What is in this budget for the vast majority of Pakistanis?

For education and health, the IMF report from May 2026 lists next year’s spending target at 3pc of GDP. Punjab has allocated Rs750bn, Sindh Rs551bn and KP Rs398bn for education. Typically, more than two-thirds of the education budget is spent on salaries — which are essential — but a good portion of the allocations for rehabilitating schools will also create construction activity, which benefits low-skill workers. About a quarter of public schools in Punjab have been outsourced, with the government providing a fixed monthly amount per child. Sindh is outsourcing schools too. Outsourcing of health centres has been gathering pace in Punjab. Meanwhile, the latter province has allocated Rs500bn for health, Sindh Rs354bn and KP Rs335bn.

These allocations are sizable proportions of each provincial budget but the total education budget comes to less than 1.5pc of GDP — far low­er than the 4pc recommended for developing cou­ntries. The low education and health target also begs the question: if Pakistan is collecting about 11pc of GDP in revenue (including collection by provincial governments) and giving away over 5pc to debt servicing, how can it spend 4pc on education? Well, to grow adequately, a developing country needs to collect about 20pc of its GDP in reven­ues. That is when investment to build sch­o­ols, tr­­a­in teachers and provide school meals is possible.

Teacher training and pedagogical improvement are critical. According to the Idara-i-Taleem-o-Aagahi’s Annual Status of Education Report 2025, half of Class 5 students in Pakistan cannot comprehend written text and math intended for students of Class 2. For FY27, Punjab does have a school meals programme for a million early childhood and primary-level students. Where else would we provide good nutrition to children of poor families if not in schools? But the allocation for the provision of nutrition-dense milks — not full meals — is only Rs7bn. There are allocations for wheat purchases by the provinces, but these expenditures are not linked to school meal programmes as they are in many countries which support both farmers and schoolchildren through them.

Pakistan’s beleaguered farmers need protection: from lopsided government policies on wheat and from the impact of climate change. But the federal budget for covering crop insurance premiums for small farmers is only Rs1bn — sufficient only for a tiny fraction of farmers. Schemes to facilitate bank credit for small farmers have been included by Punjab and the federal government. But while Punjab will pick up the mark-up for small farmer loans, the federal government will not.
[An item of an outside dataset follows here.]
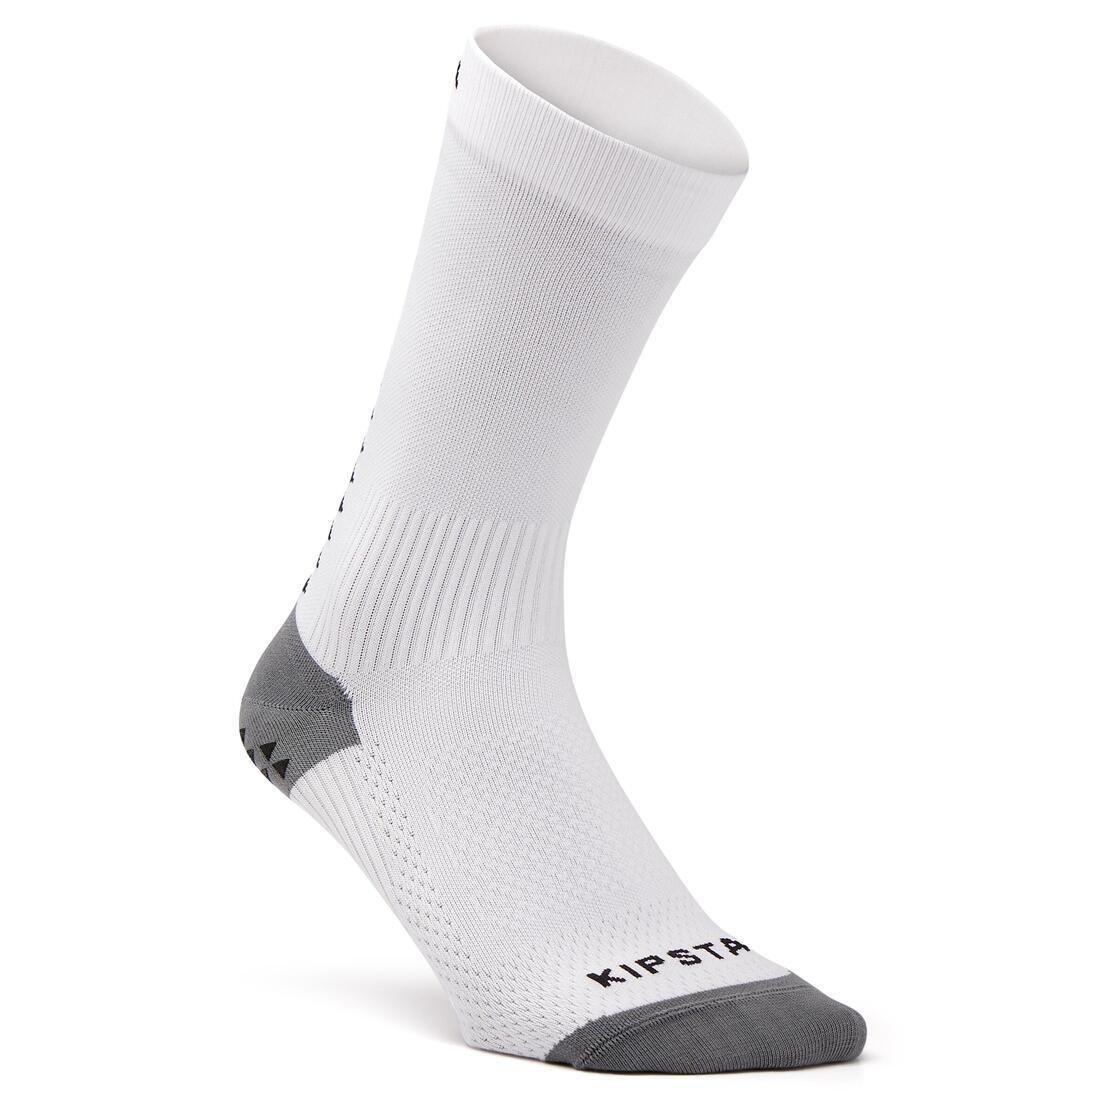 KIPSTA - Adult Short Non-Slip Football Socks Viralto Mid, Black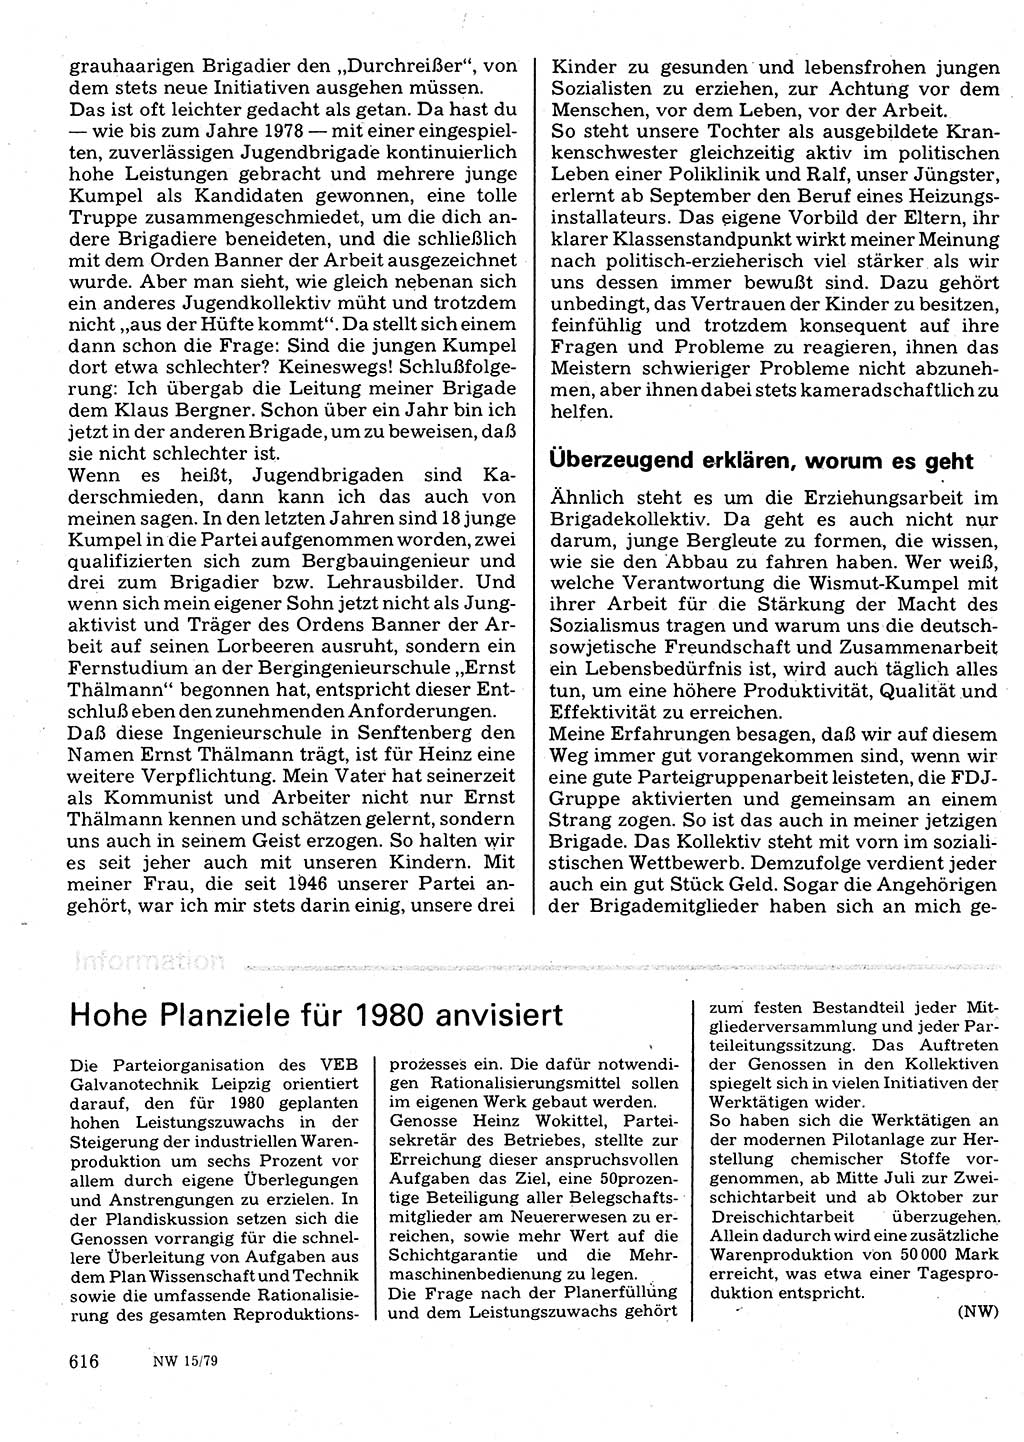 Neuer Weg (NW), Organ des Zentralkomitees (ZK) der SED (Sozialistische Einheitspartei Deutschlands) für Fragen des Parteilebens, 34. Jahrgang [Deutsche Demokratische Republik (DDR)] 1979, Seite 616 (NW ZK SED DDR 1979, S. 616)

Nearly 40pc of the national labour force is illiterate. So is a good portion of the youth entering the workforce. And more than 80pc of Pakistan’s employed workers earn from five sectors where low-skill or no-skill jobs dominate: construction, transport, wholesale and retail trade, community and personal services, and manufacturing. For them, the minimum wage has been increased in line with post-Covid inflation. But few employers actually pay it.

The petroleum levy collection target is maintained around the same level as the outgoing year, with a similar consumption of transport fuels assumed. But motorcycles account for some 40pc of Pakistan’s transport fuel consumption. Therefore, a similar proportion of this levy will come from the pockets of the lower middle class: clerks, farmers, labourers, etc.

This budget is a direct win for Pakistan’s women and girls — the removal of 18pc sales tax on sanitary pads. The majority of Pakistanis can expect to be secondary beneficiaries of the budget’s facilitation of the manufacturing and construction sectors. Direct beneficiaries of major budget outlays would be the families at the bottom receiving BISP payouts, those near the top receiving tax relief on their salaries, and those who get subsidised housing loans under the Prime Minister’s Apna Ghar programme. Most Pakistanis can expect to be secondary beneficiaries of the budget’s facilitation of the manufacturing and construction sectors. So it’s a trickle-down, ‘wait for it’ budget.

The writer is CEO of the Pakistan Agricultural Coalition, chairman of Idara-i-Taleem-o-Aagahi, and an adviser on energy policy. He is the author of Dou Pakistan: Har Pakistani Gharanay Tak Khushhaali.